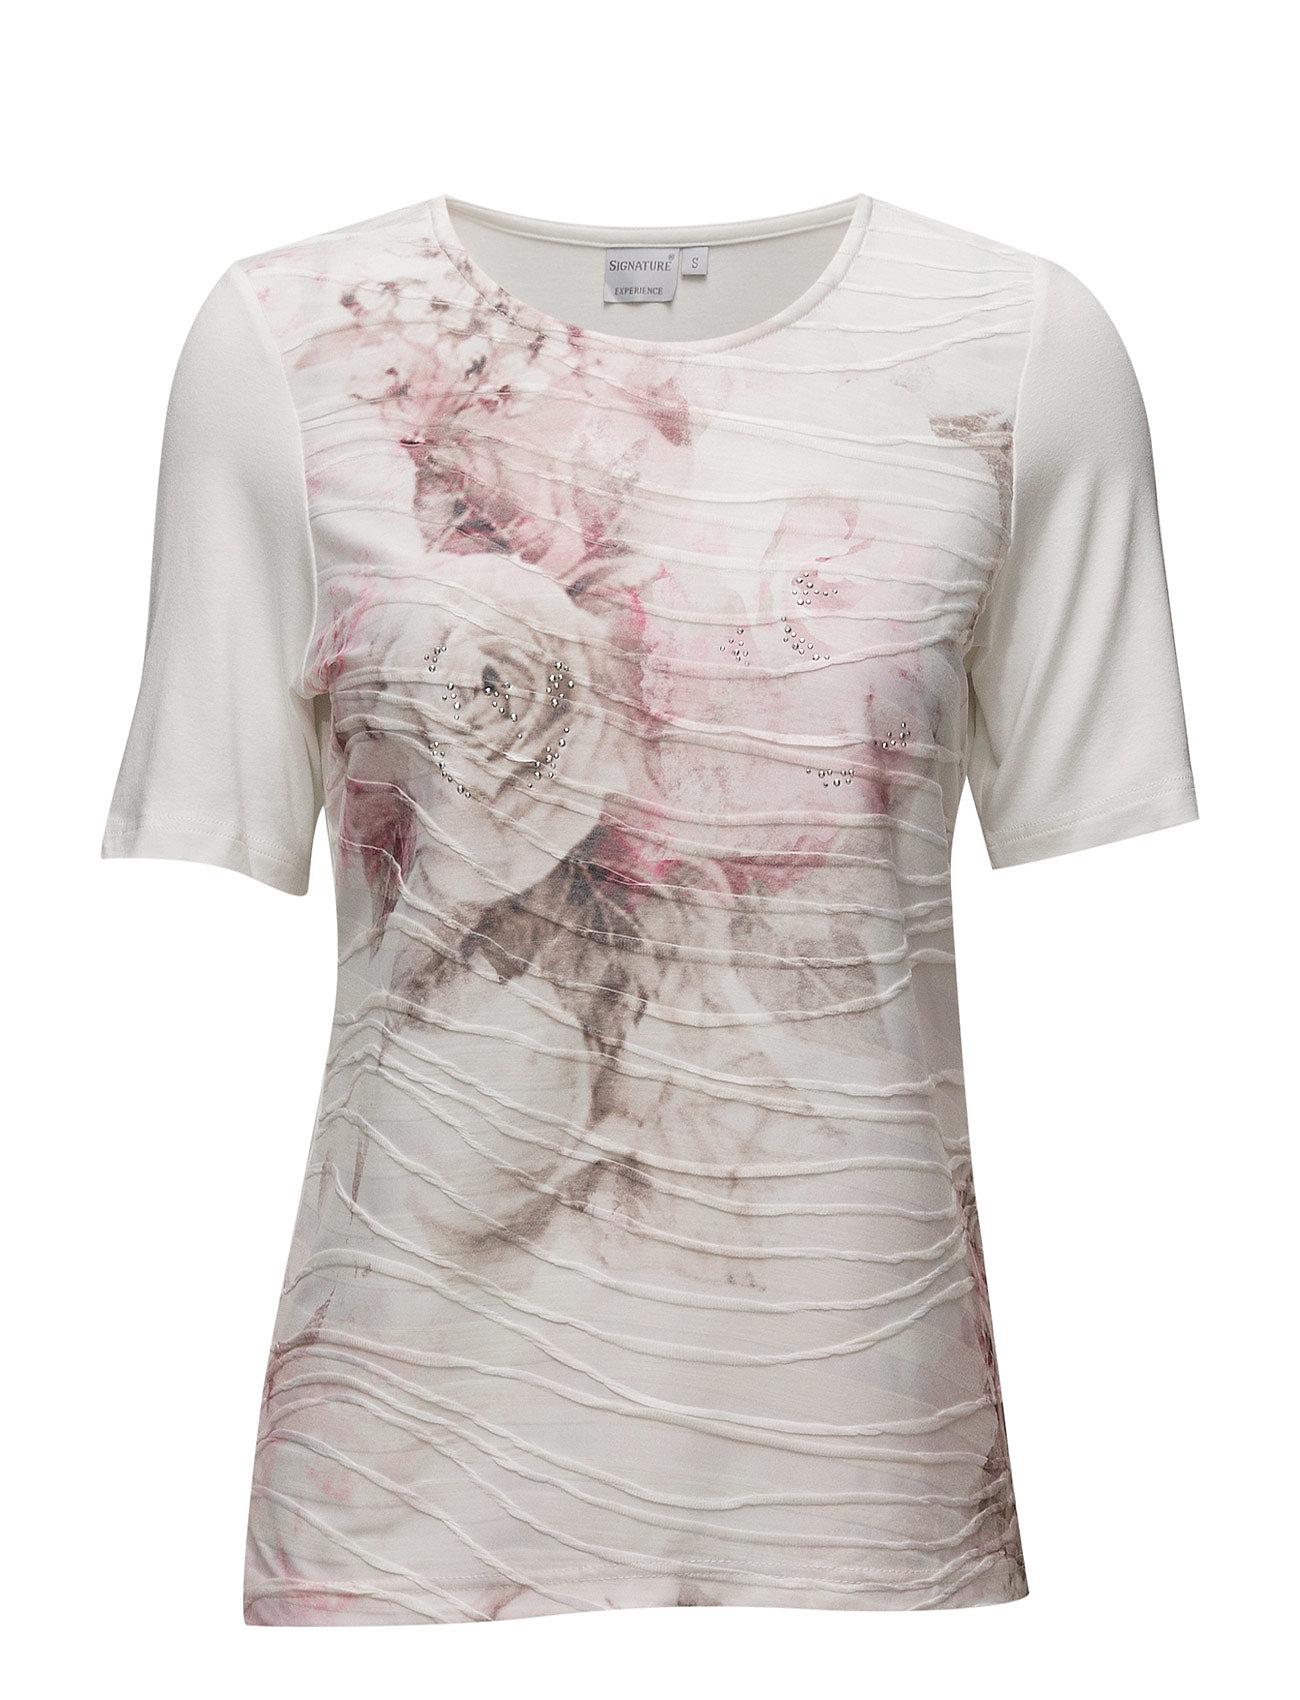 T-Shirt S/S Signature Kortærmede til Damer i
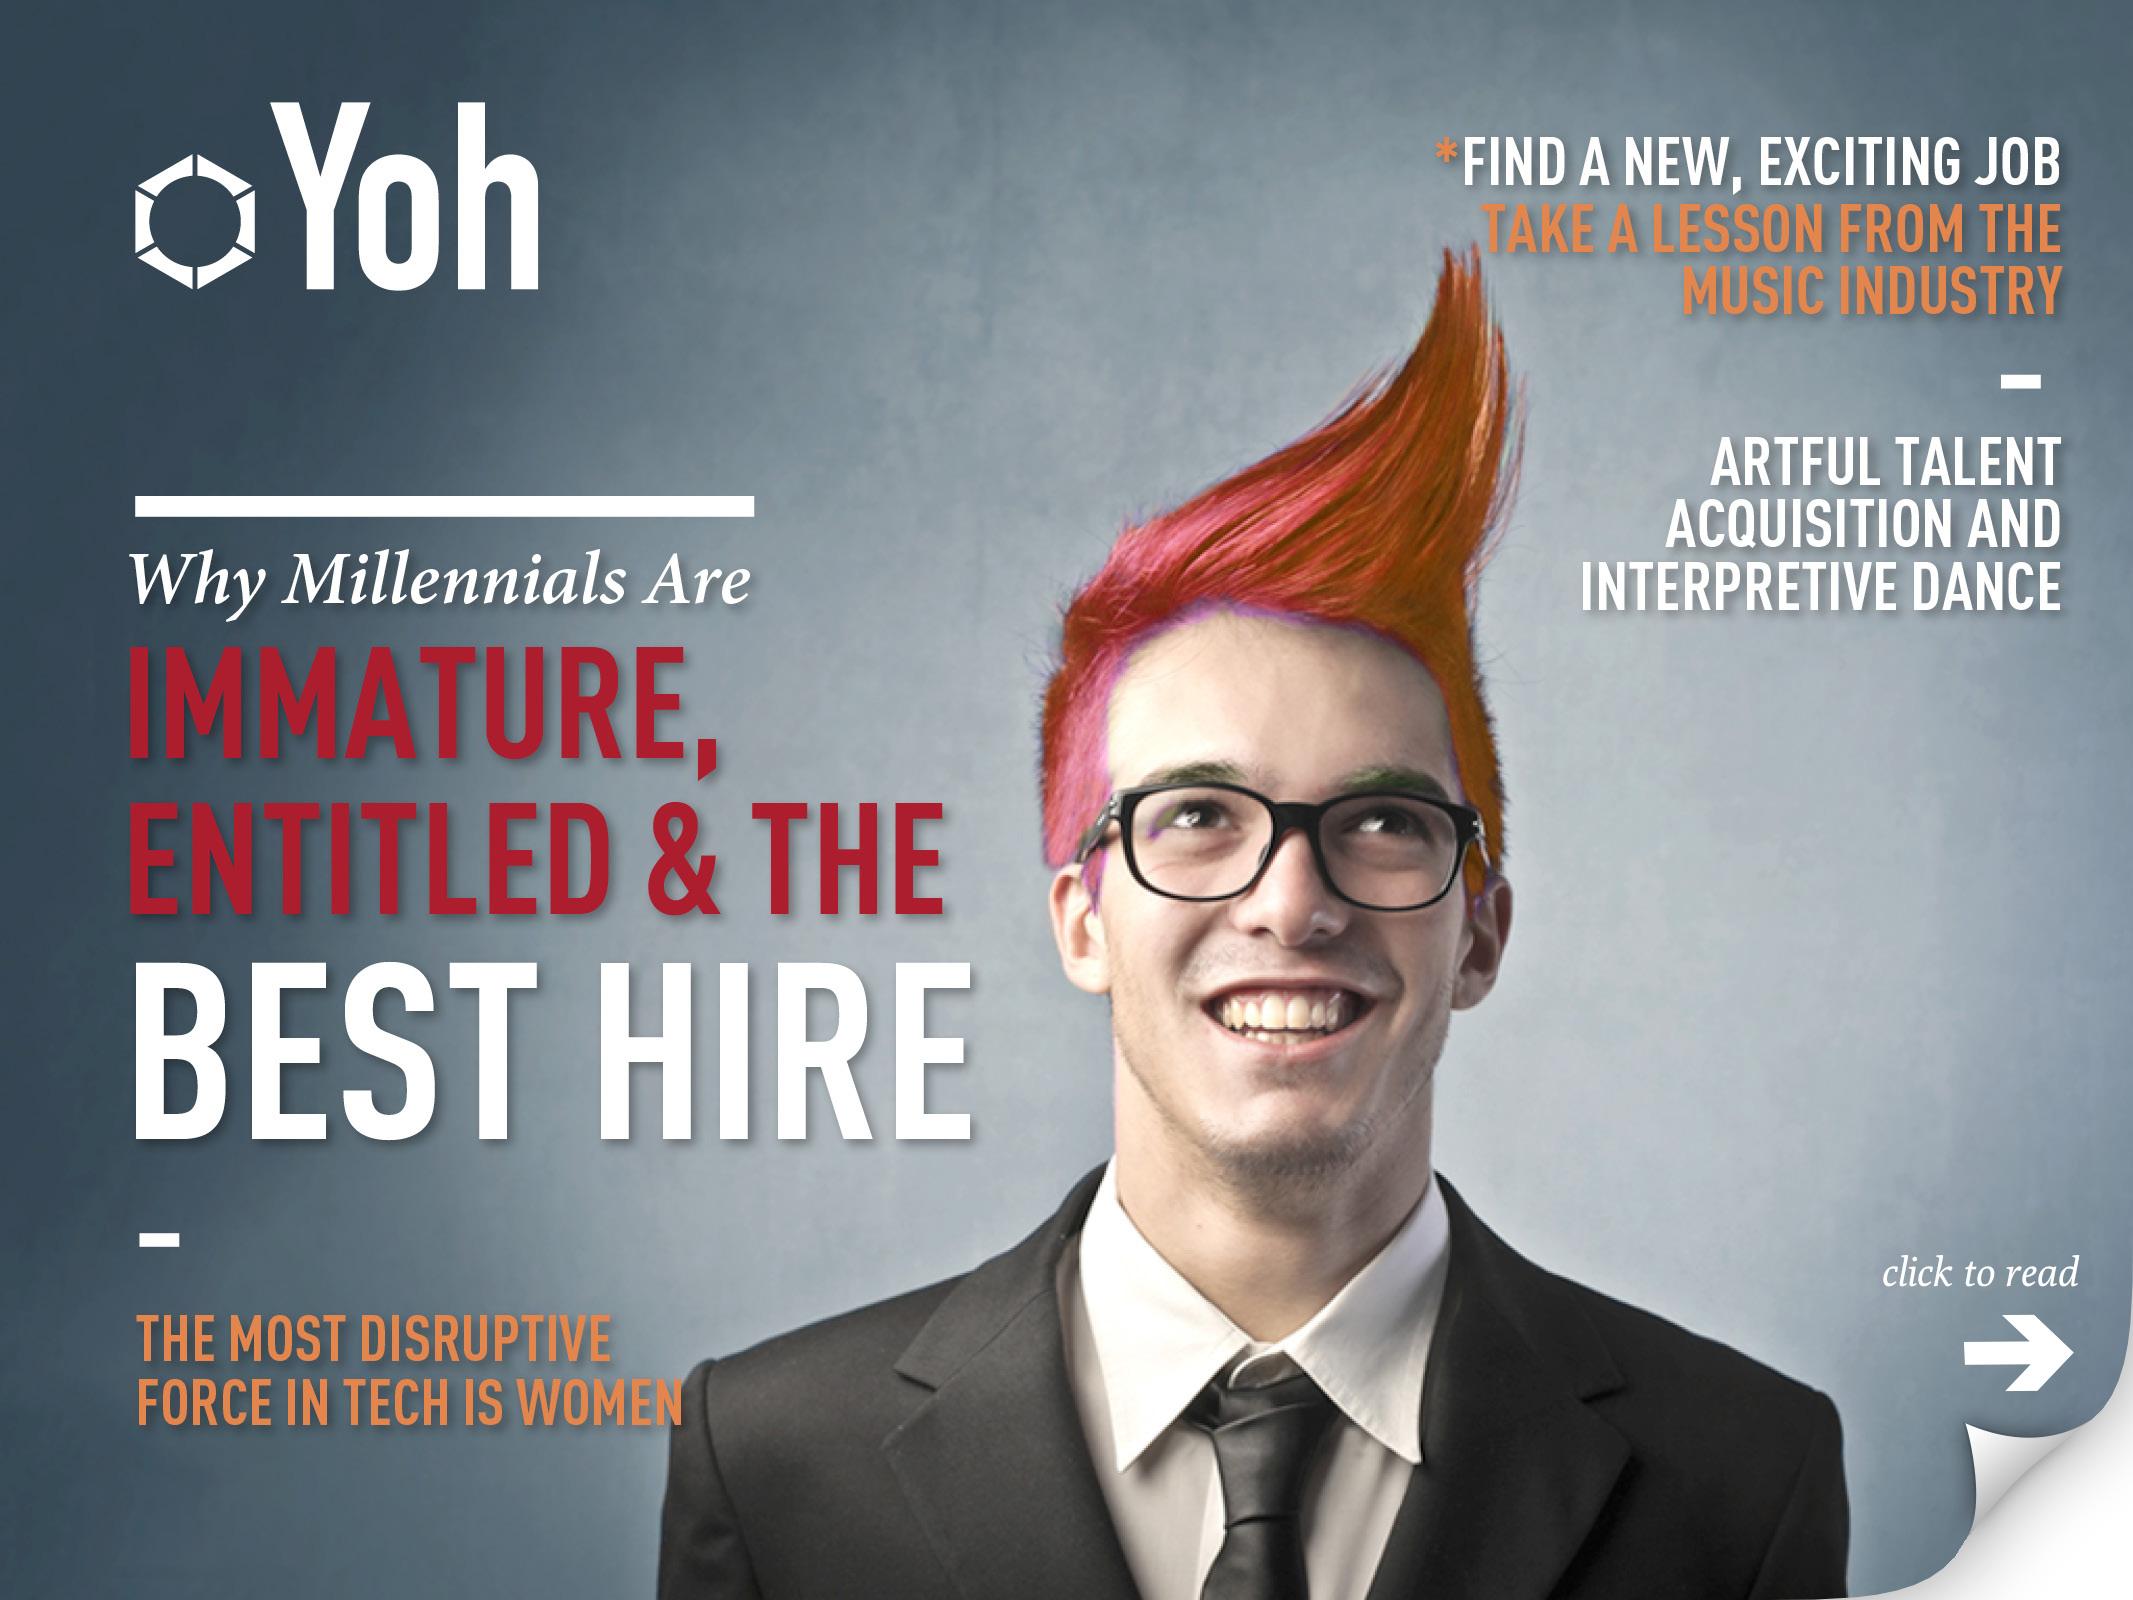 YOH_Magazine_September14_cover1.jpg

-------

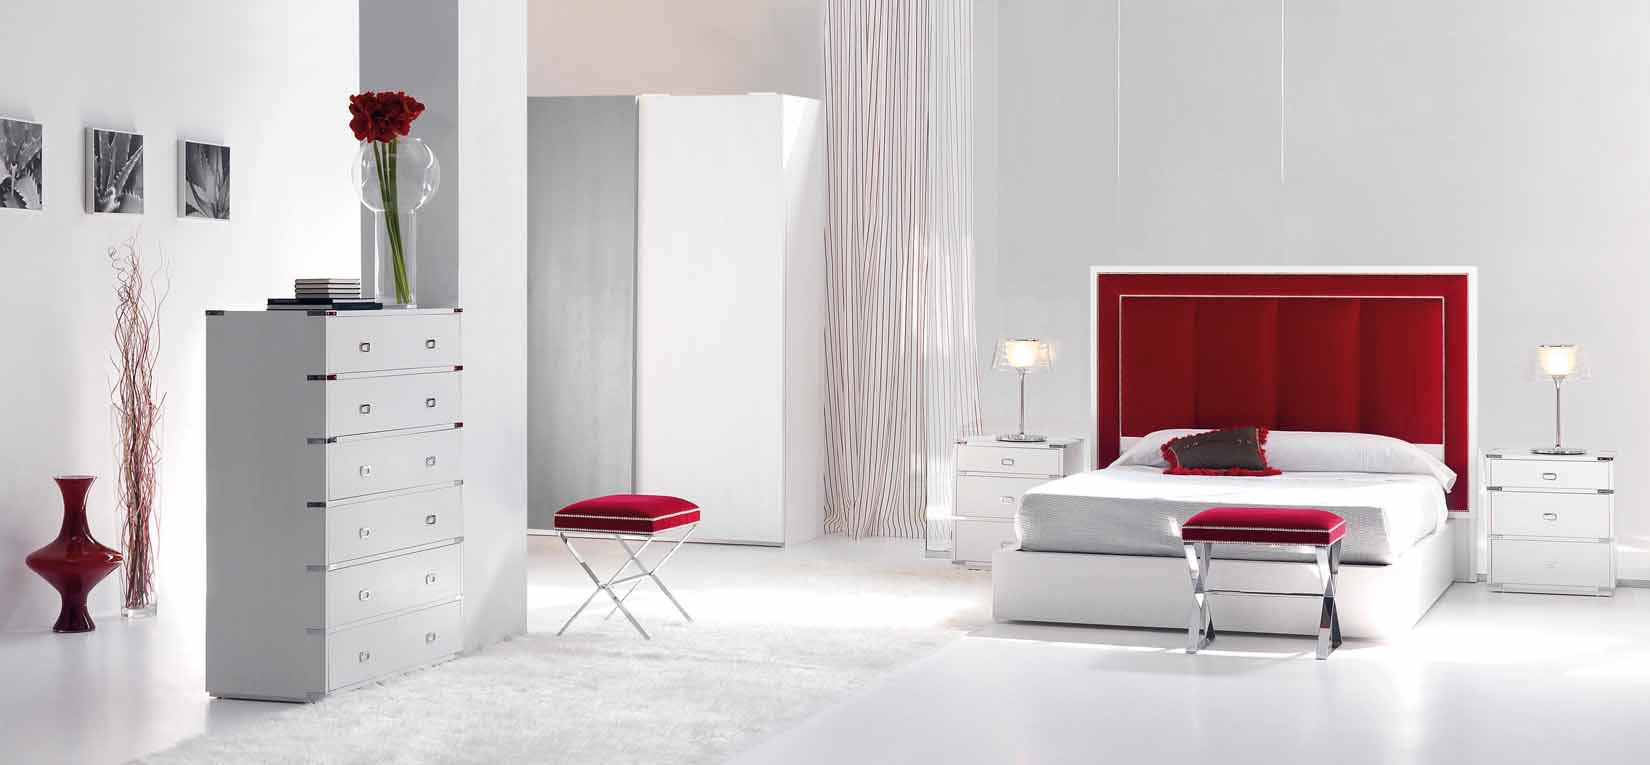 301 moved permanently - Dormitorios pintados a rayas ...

-------

**ACTIVITY**
Copy needed, without pictures: the lines of the listing above from the line containing "T-Shirt S/S Signature Kortærmede til Damer i" up to and including the line containing "YOH_Magazine_September14_cover1.jpg", set down exactly.

**REPLY**
 T-Shirt S/S Signature Kortærmede til Damer i
 YOH_Magazine_September14_cover1.jpg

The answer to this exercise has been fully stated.